→ **WHAT TO WORK ON**:
Take the lines below from the one with "GIA CERTIFIED Art" through the one with "This beautiful creation" and retype them exactly. Include nothing else, and no pictures.

→ **PROVIDED RECORDS**:
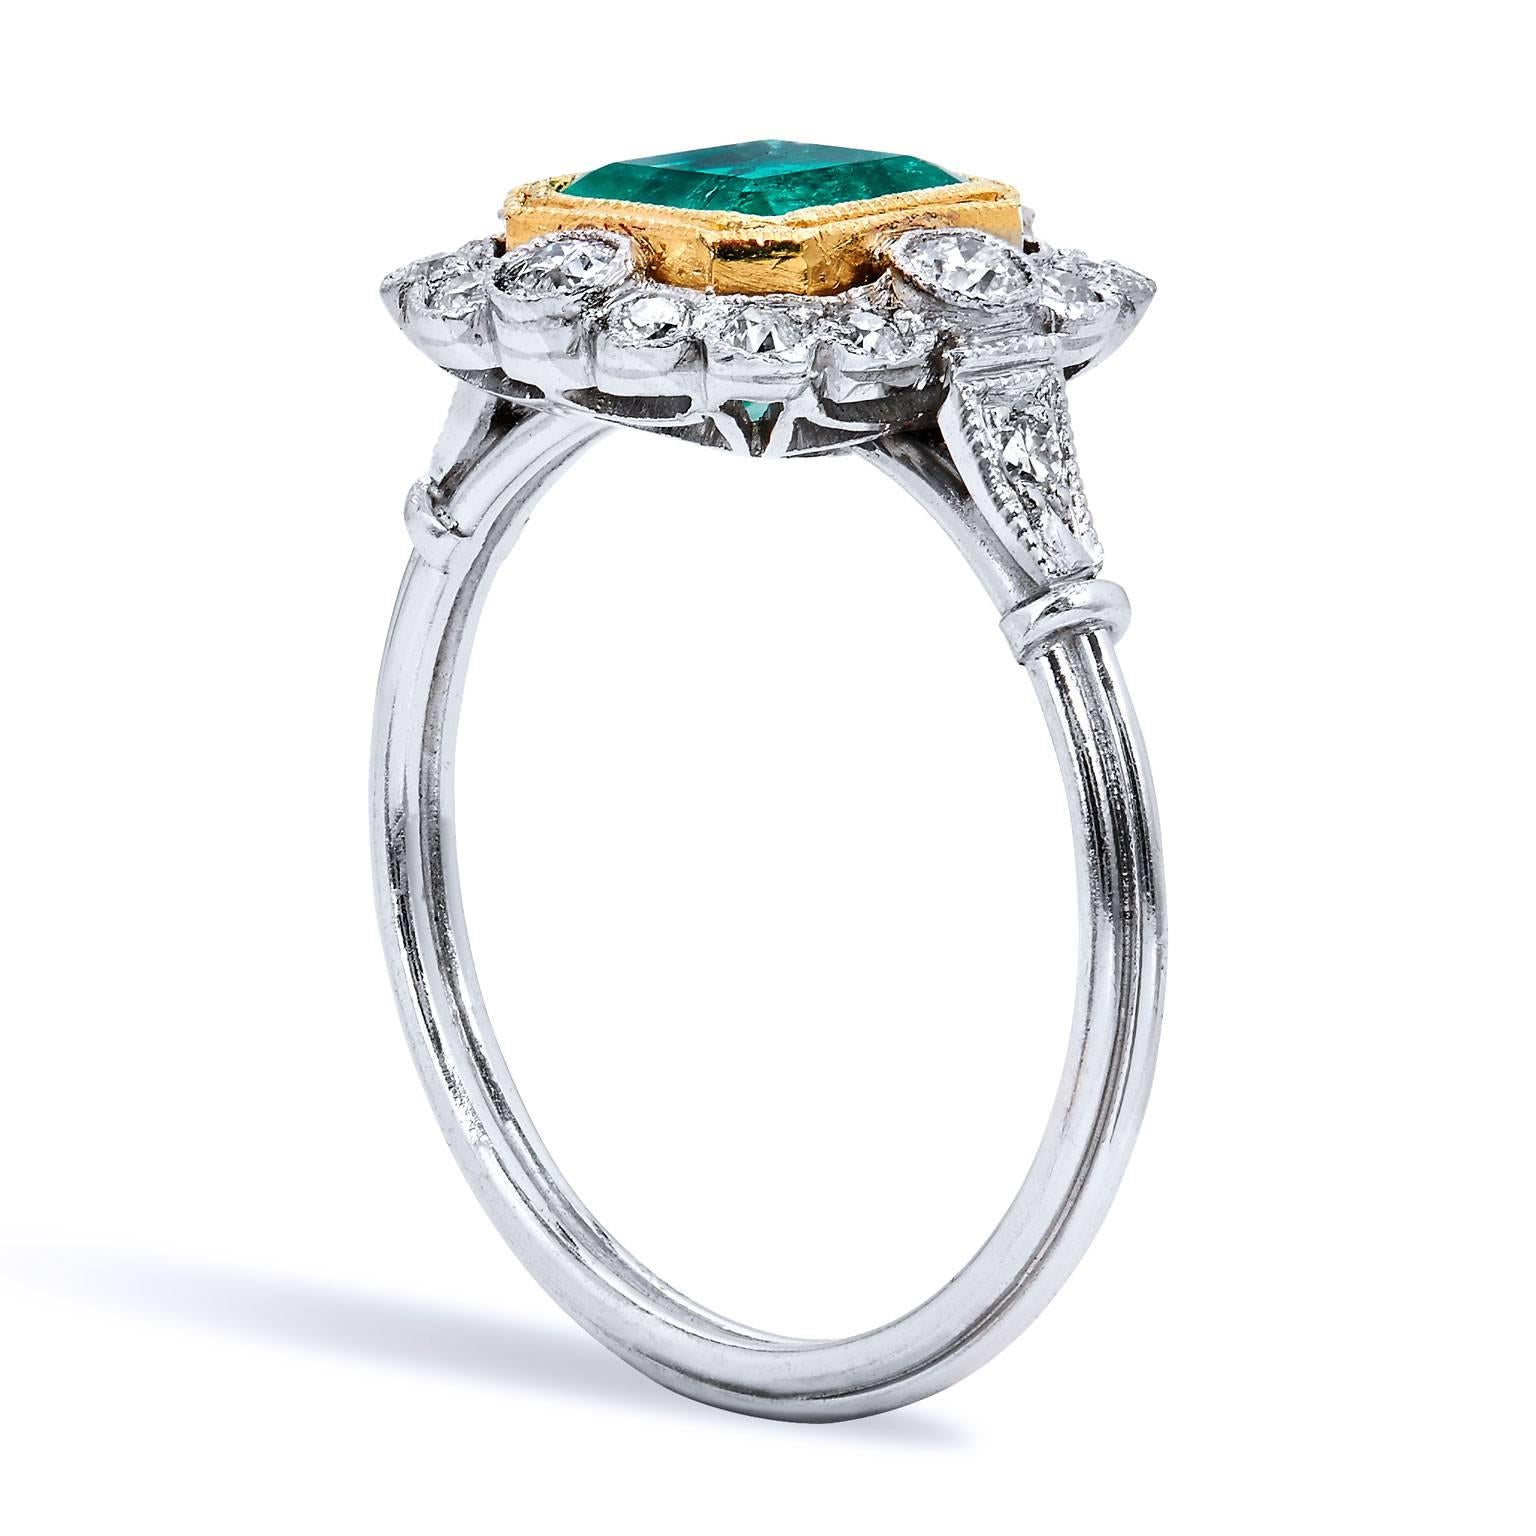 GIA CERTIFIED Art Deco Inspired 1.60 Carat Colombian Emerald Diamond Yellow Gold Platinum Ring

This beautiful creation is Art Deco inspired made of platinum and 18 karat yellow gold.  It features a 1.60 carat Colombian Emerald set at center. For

---

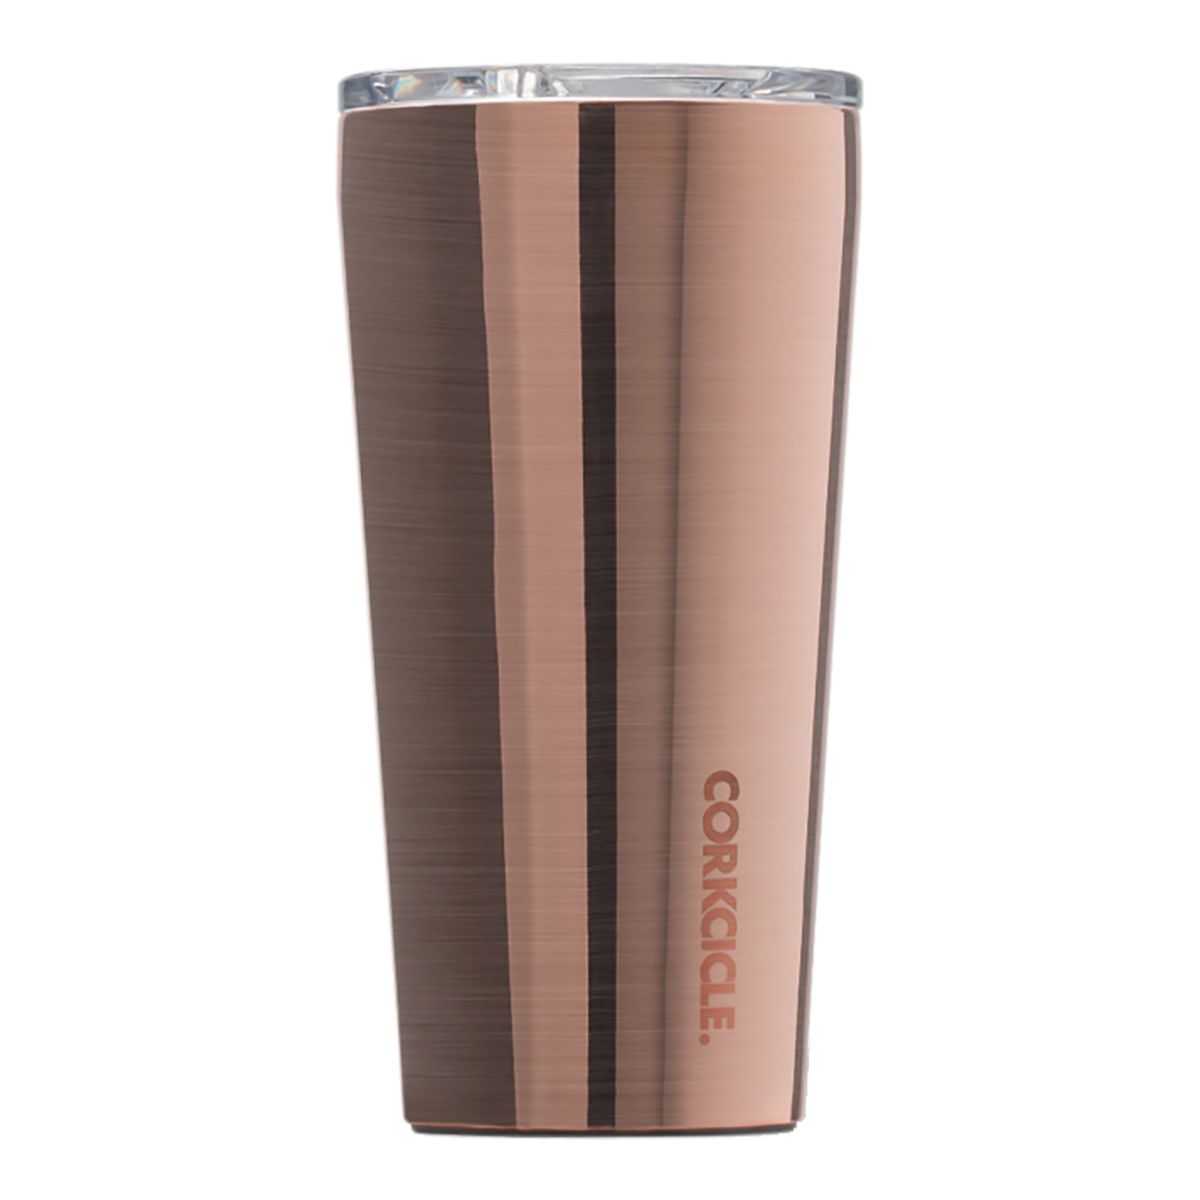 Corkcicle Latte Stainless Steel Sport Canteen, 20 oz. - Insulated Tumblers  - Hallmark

* * *

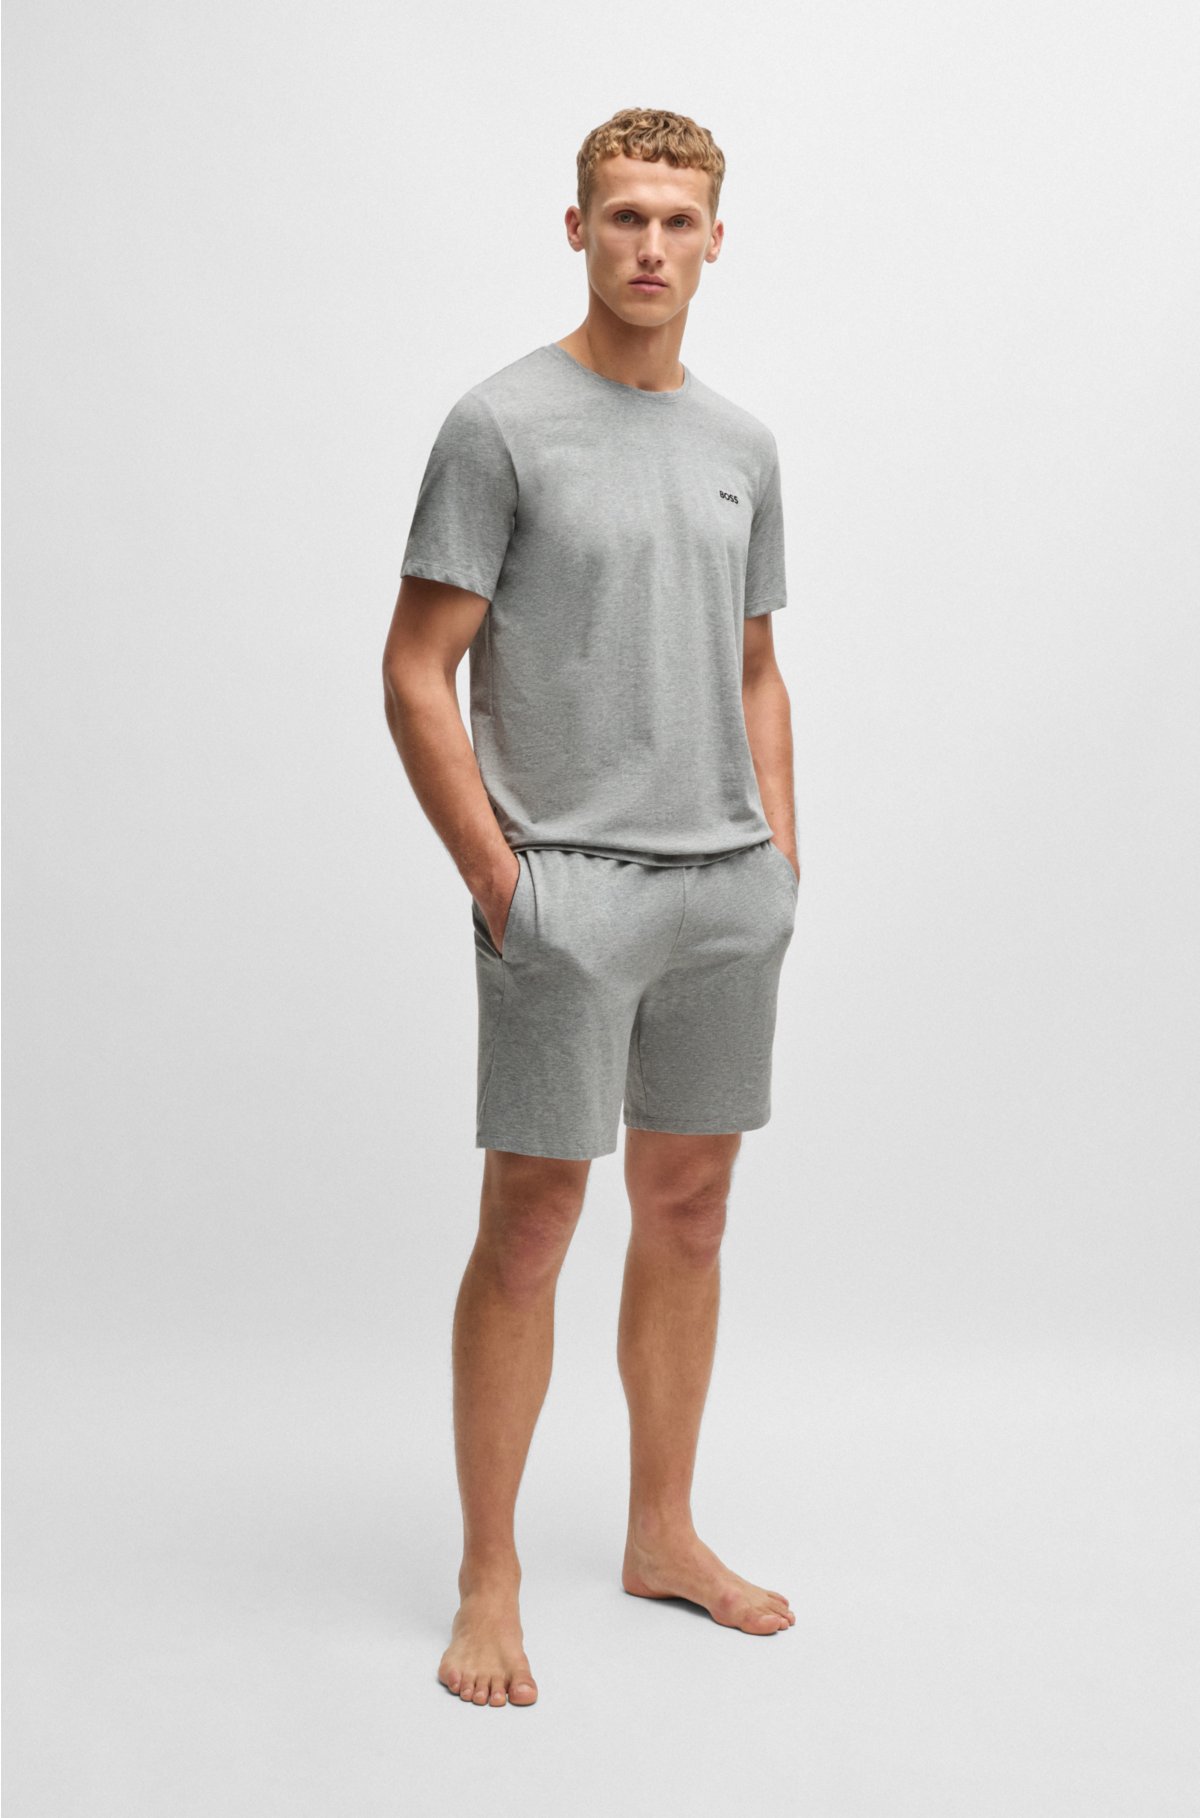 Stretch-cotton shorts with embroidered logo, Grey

→ **ANSWER SPACE**:
 GIA CERTIFIED Art Deco Inspired 1.60 Carat Colombian Emerald Diamond Yellow Gold Platinum Ring

This beautiful creation is Art Deco inspired made of platinum and 18 karat yellow gold.  It features a 1.60 carat Colombian Emerald set at center. For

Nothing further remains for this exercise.